The most infrequent way for dicamba to move off target is a temperature inversion. This is typically more often associated with aerial application. This is a unique environmental condition where a layer of cold air is sandwiched between two layers of warm air. The spray solution, particularly the smaller droplets, hang above the cold layer and take a long time to reach the earth and thus travel a great distance (possibly miles). As a result, they can end up coming down on the wrong field.
At the other end of the spectrum, sprayer contamination has been the most common way that dicamba has injured soybean. Typically, a thorough cleaning of the tank followed by running a solution of household ammonia and water through the system, then allowing it to sit for a few hours, has been sufficient in removing dicamba from hoses and fittings.
Physical drift is the second most common way dicamba can move from the target field to other areas. Good old common sense is the main cure for this problem. If the wind is getting up and blowing toward a sensitive area, stop.

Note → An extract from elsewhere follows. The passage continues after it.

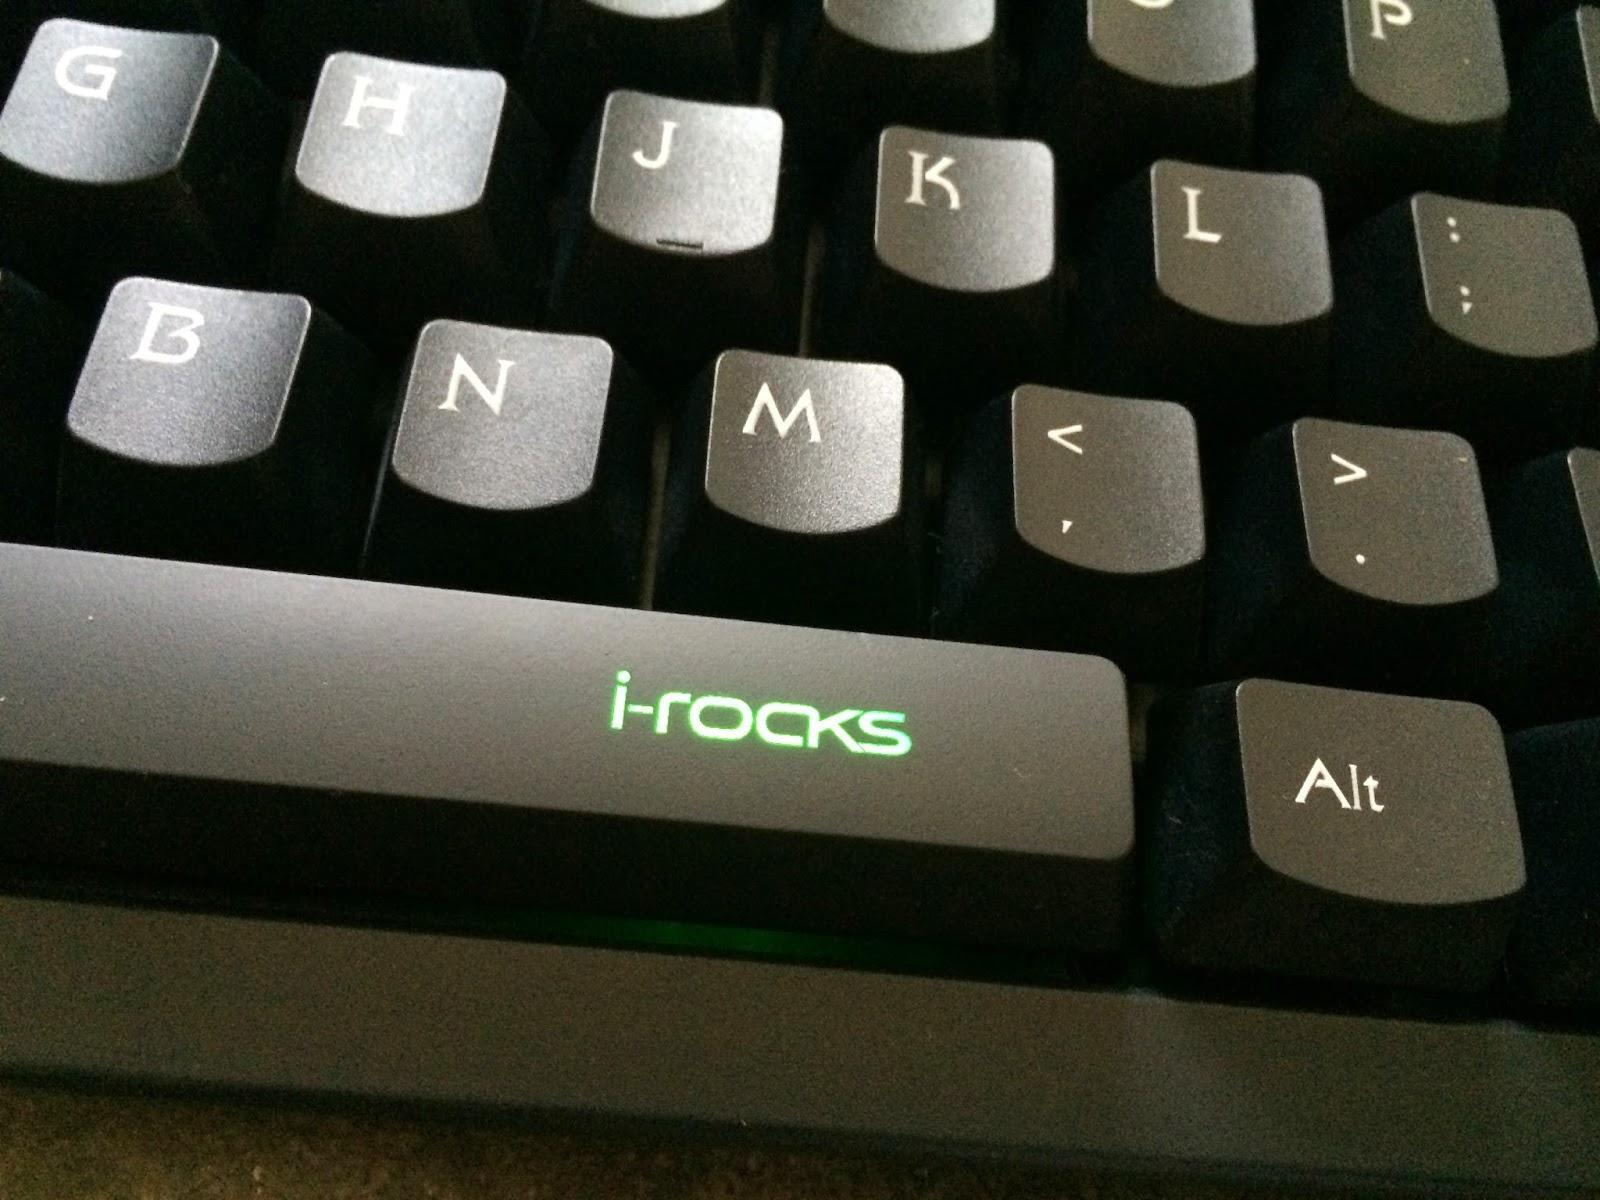 Unboxing & Review: i-Rocks K10 Gaming Keyboard 68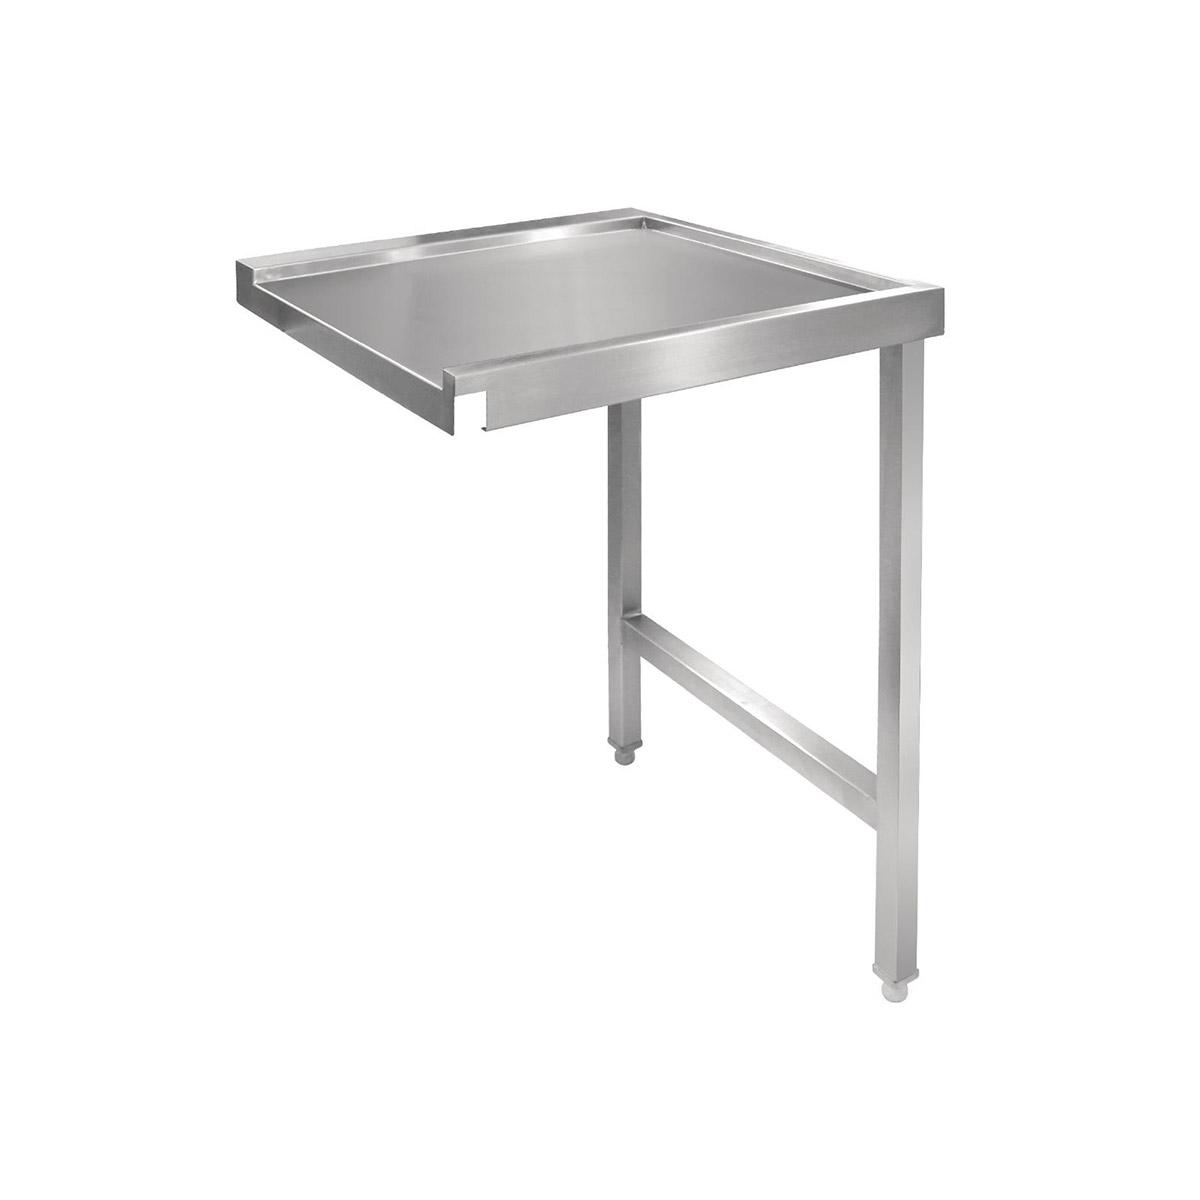 Vogue Pass Through Dishwash Table Right 650(D)mm

Finally, herbicide volatility is a way some herbicides can move off the intended target area. Dicamba is a great example here, as in the Banvel formulation it is one of the most volatile herbicides on the market. The Clarity formulation is better but still can be quite volatile compared to most other herbicides.
What happens when herbicide moves via volatility? In these cases, after a herbicide application is made and under certain environmental conditions, it is possible for that herbicide to turn into a gaseous state and move into the air. Dicamba formulated as Banvel or Clarity can have this happen for up to 24 hours after application. This is typically only an issue with warm air temperatures.
Clarity and Banvel are designed and indeed labeled to be applied in March and April for burndown or to small corn. The air temperatures during that time of the year are almost never warm enough to be conducive for volatility. They are not designed for use in June and July in Tennessee as 80-90 F temperatures greatly increase the probability that these herbicides will move off the target and with a small breeze move on to a sensitive crop.
So what about yield loss from dicamba movement onto soybean? There is no hard and fast rule on yield loss in these cases. In general, soybeans in the vegetative stages have more time to recover and often will see little yield loss if good growing conditions occur the remainder of the season. Soybeans in the reproductive stages have a higher likelihood of seeing significant yield loss.
However, there are many factors that go into the ultimate yield loss at the end of the year. Factors such as soybean maturity, where group 3 soybeans have less time to recover than a late group 4 variety; soybean stand where soybeans with thicker final stands can handle more dicamba injury than a thin stand; and most importantly, the growing season where soybeans with dicamba injury will not recover as well if they go through a prolonged hot and dry spell.
Quite frankly, the best way to determine yield loss is with a weigh wagon or yield monitor at the end of the year if some areas of the same field are not affected by dicamba injury.